Before I could rap on the door it sprang open. Santos had been eavesdropping at the porthole. He kept a distance of twelve feet between us as I entered; his eyes never left me when he slammed the door, turned the key in its latch, and retired to a corner opposite Papa, who was seated at a table with carved cabriole legs bolted to the floor. It came as no surprise that these accommodations contained all the comforts Papa enjoyed on shore. He did not travel without enough packages—dozens of shoes, two changes of clothing a day—to fill the hold of a merchantman, and these were cast about on ornate furniture, thrown over tripod tables, across a heavily cushioned sofa, and on his heavily draped bed, heaped into piles awaiting Santos, who would wash, press, and sort them the way my brother had served Reverend Chandler. Surprisingly, Papa apologized for this disorder, and then he took a cigar from a tortoise-shell box on the table and offered me one.
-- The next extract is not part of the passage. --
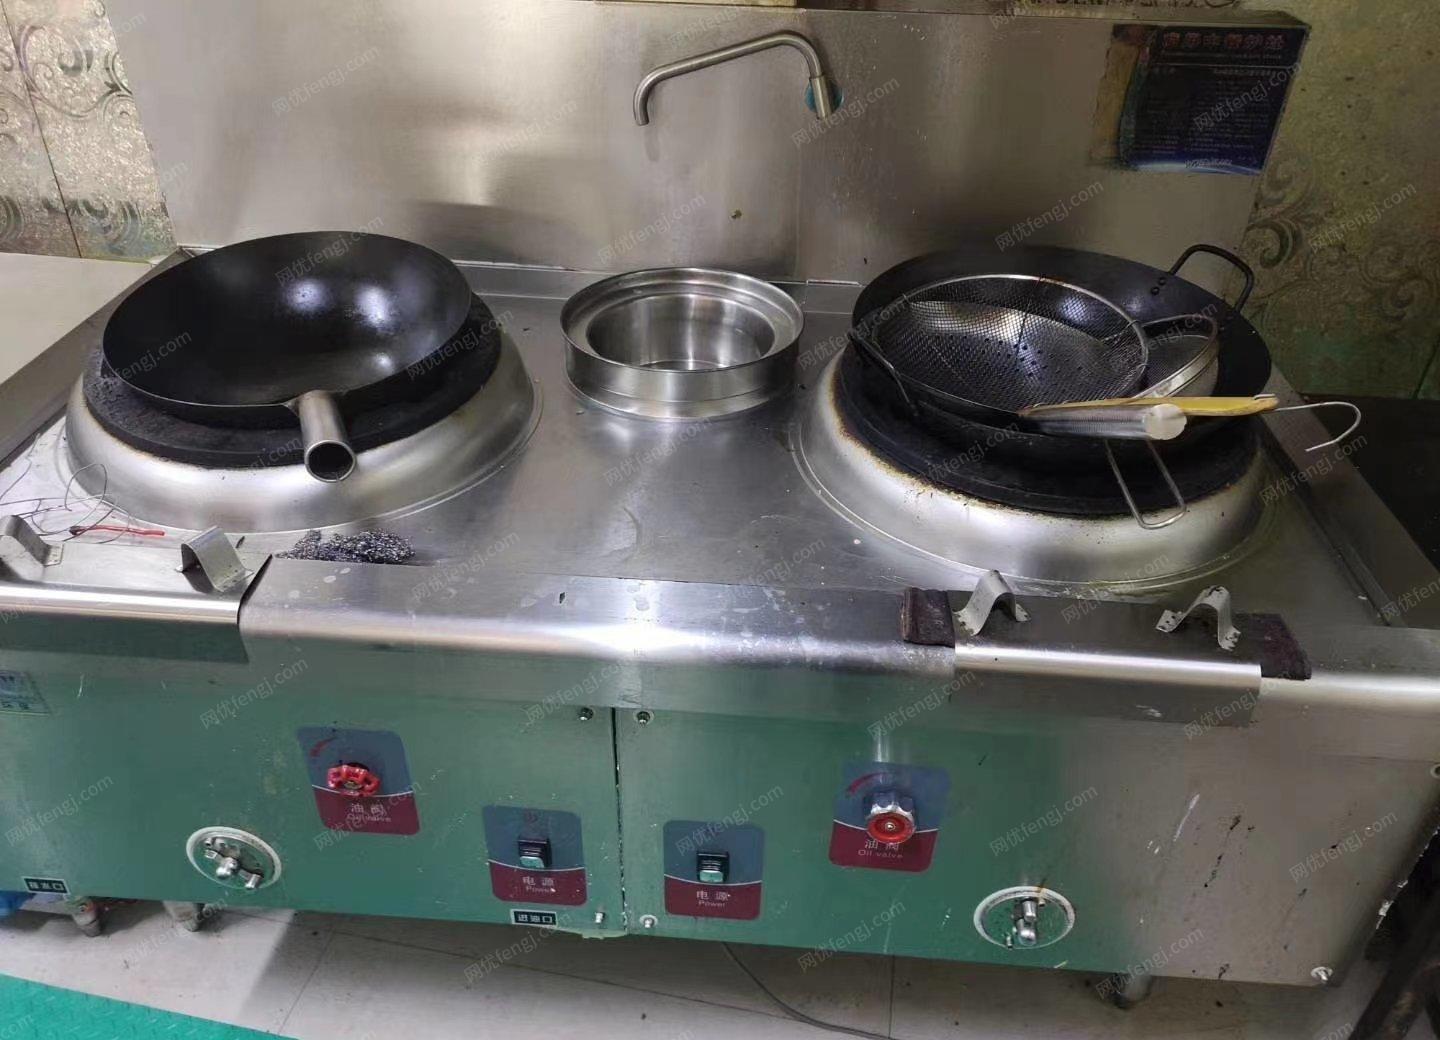 甘肃兰州本人出售二手厨房设备
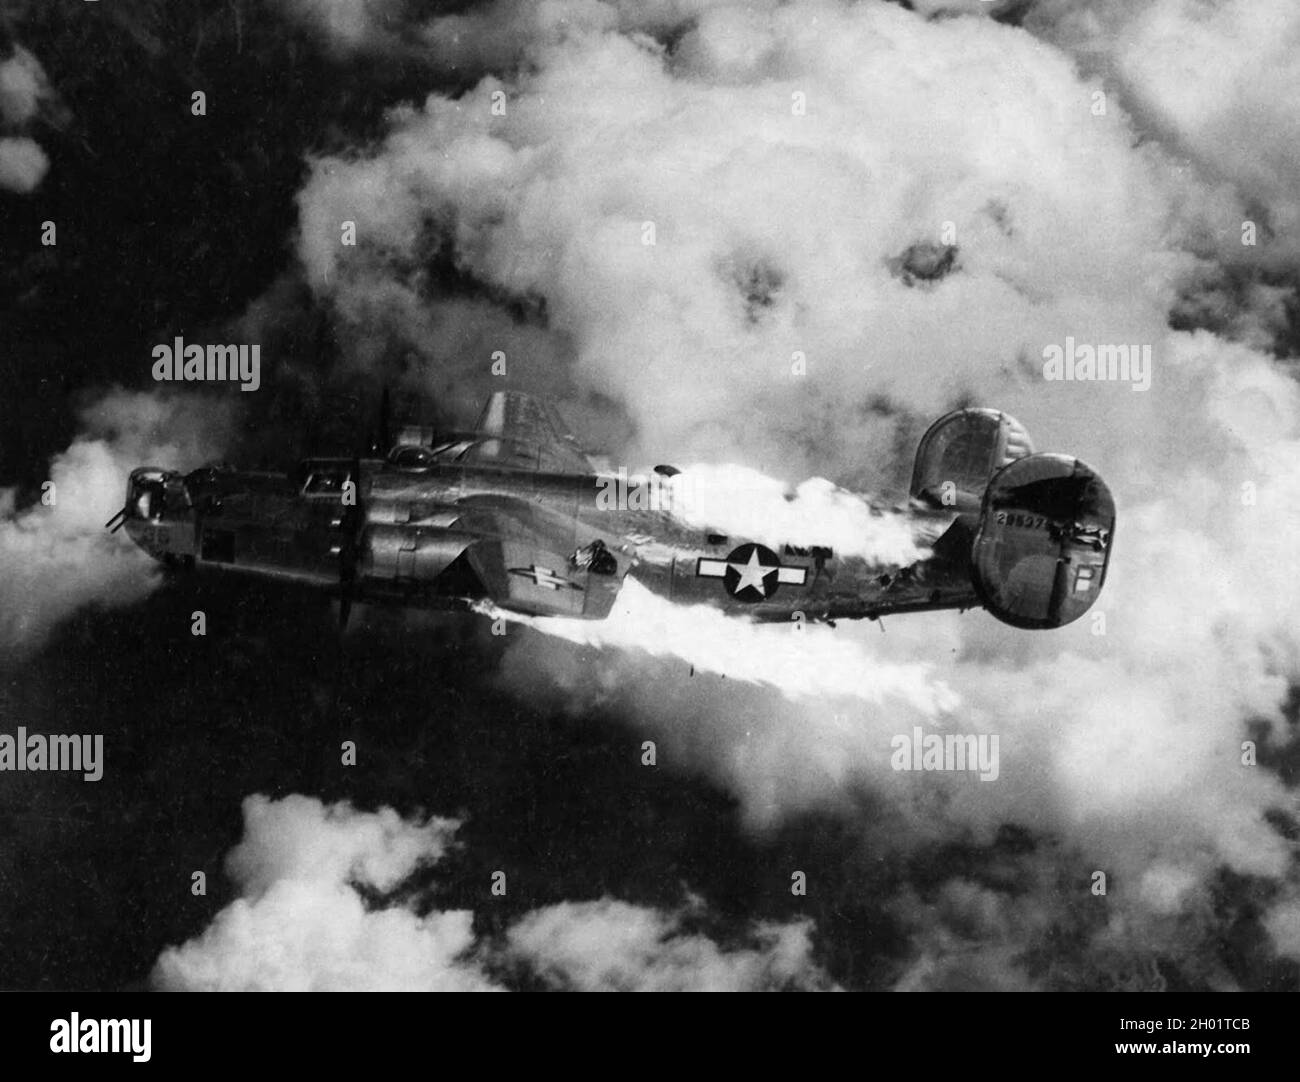 Un bombardier B-24 Liberator consolidé qui brûlait après avoir été frappé par un valaissement lors d'un raid. Banque D'Images

“Calhoun”—he leaned forward in his fruitwood chair to give me a light—“I won't ask how you got on that ship if you don't ask why I'm interested in its cargo.”

“The slaves, you mean?”

He straightened, as if I'd poked his spine. “It was a slaver?
They're illegal, aren't they?” He pondered this, thumbing one of the straps to his suspenders. “How many slaves would you say it was carryin' before that storm off the coast of Guadeloupe?”

“Fifteen,” I said. “Before the storm and after the mutiny.”

“Mutiny? By who—sailors or slaves?”

“Both, or I should say the ship's crew was planning to set their captain adrift before the slaves broke free.”

“I see.” Papa ritched back in his chair, his mind racing ahead of me, judging by the evidence in his eyes, as chess masters leap two moves ahead of your own. “Then it was
his
fault, wasn't it? Your captain? If there was—uh, an inquiry into all this, if Mr. Quackenbush was to file a report on the shipwreck from which you was saved, thank heaven, would you be prepared to, uh, testify before a maritime court that your captain, being mad, lost control of his vessel, and was maybe even unfit before the voyage began, that he, a barrator, added African slaves to a simple expedition intended only for the transport of butter, bullocks, and rice? Could you say that, Calhoun, if someone—a nameless benefactor, say—was to come up with the currency to reward you for such a tirin' public speech?” While he talked I opened the logbook you presently hold in your hands. The smell of the sea came off these pages so strongly I had to blink away images of the ship's sails and mainmast. Papa's fingertips nervously drummed the edge of his table. “What're you playin' with there, boy?”